A Bootstrap Study of Confinement in AdS

TL;DR

This paper uses the numerical conformal bootstrap to investigate the phase transition in Yang-Mills theory in AdS4 with Dirichlet boundary conditions, providing non-perturbative constraints and ruling out certain scenarios.

Contribution

It applies the conformal bootstrap to constrain the operator spectrum and phase transition mechanisms in AdS Yang-Mills theory, offering new bounds and refined techniques.

Findings

Ruled out the decoupling of boundary currents.

Disfavored bulk Higgs mechanism based on scalar bounds.

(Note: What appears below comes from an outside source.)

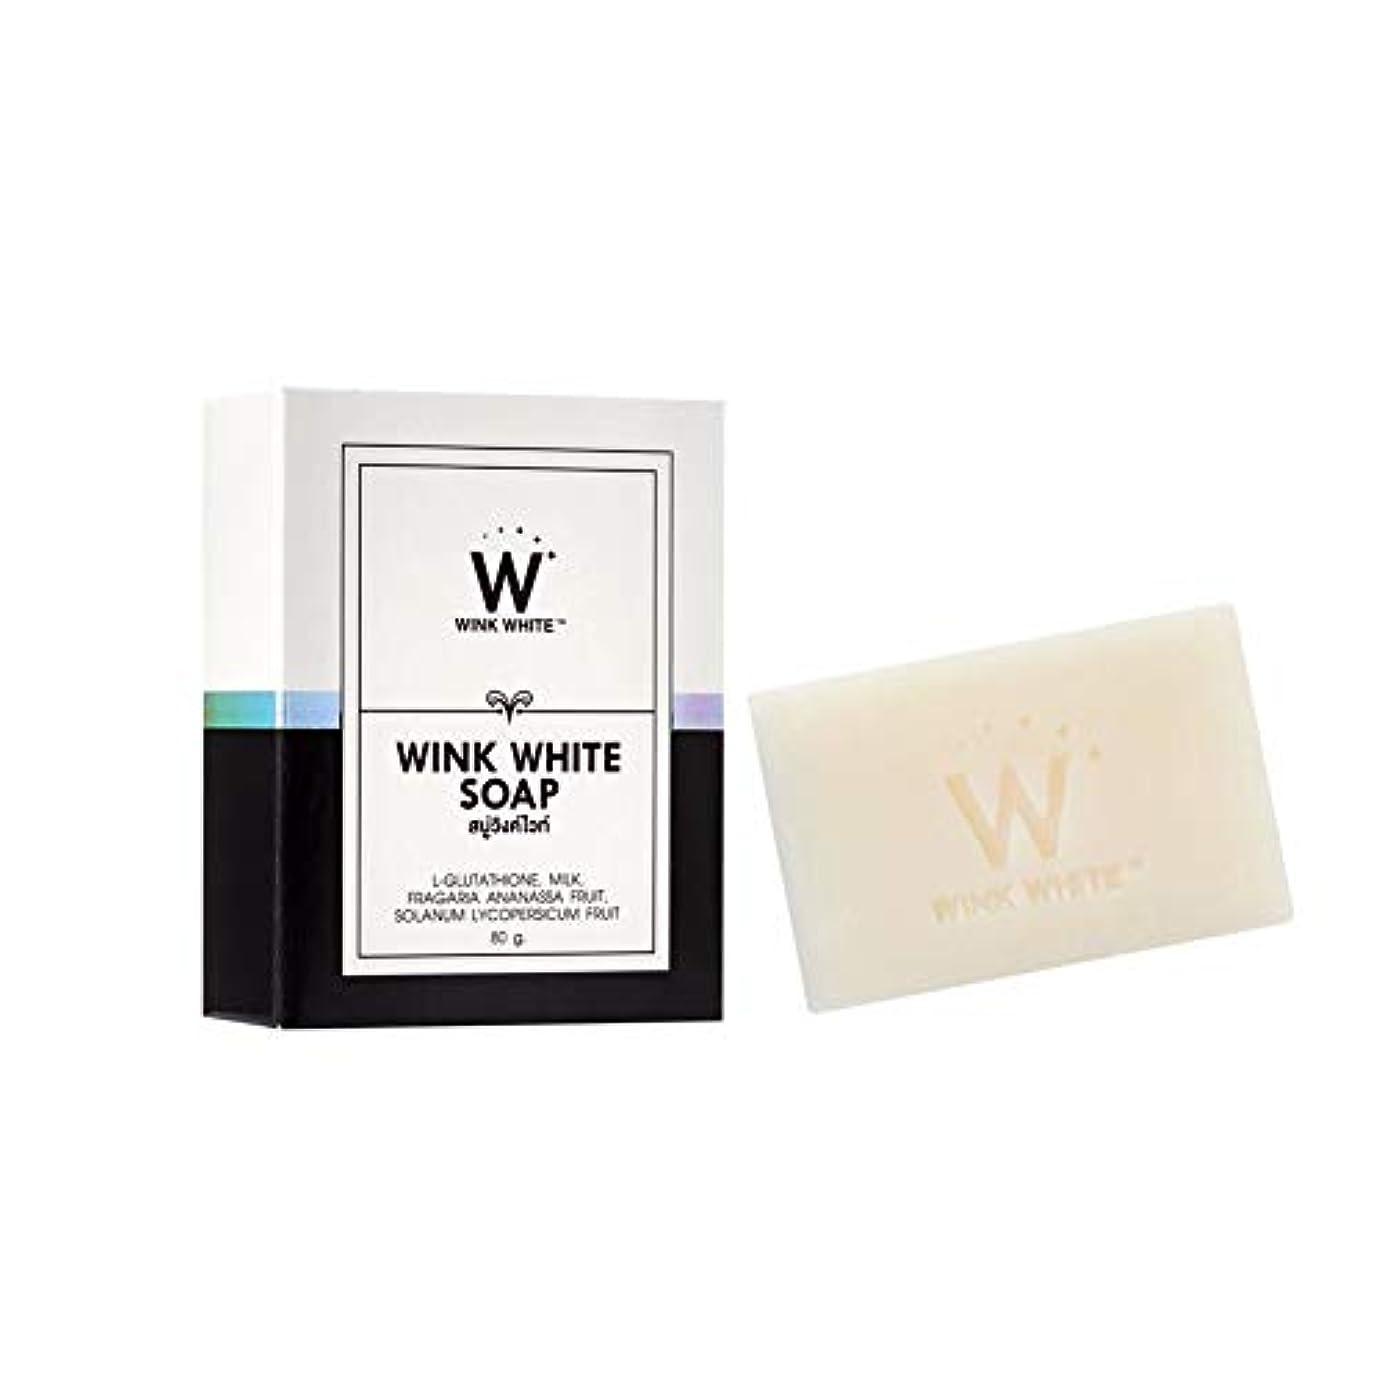 圧倒的アナログせっかちSoap Net Nature White Soap Base Wink White Soap Gluta Pure Skin Body Whitening Strawberry for Whitening Skin All...

Identified transition driven by a scalar singlet becoming marginal.

Abstract

Yang-Mills theory in AdS$_{4}$ with Dirichlet boundary conditions is expected to undergo a transition as the AdS radius varies, since the boundary data is incompatible with confinement in flat space. Various mechanisms have been proposed for the disappearance of the Dirichlet boundary condition. From the boundary viewpoint, the associated $3d$ CFT is a deformation of a generalised free theory of non-Abelian conserved currents, with the deformation governed by the bulk gauge coupling. We test these scenarios by deriving non-perturbative constraints from the numerical conformal bootstrap of the four-point function of non-Abelian conserved currents. We rule out the scenario in which the boundary current decouples. Bounds on the lightest scalar operators disfavour a bulk Higgs mechanism and instead point to a transition driven by a scalar singlet becoming marginal. We also obtain bounds on other scalar operators and on the current central charge, and we refine character-based techniques incorporating parity and charge-conjugation symmetry to determine the operator spectrum of the $3d$ Generalised Free Vector theory. These results may be of independent interest beyond Yang-Mills theory in AdS.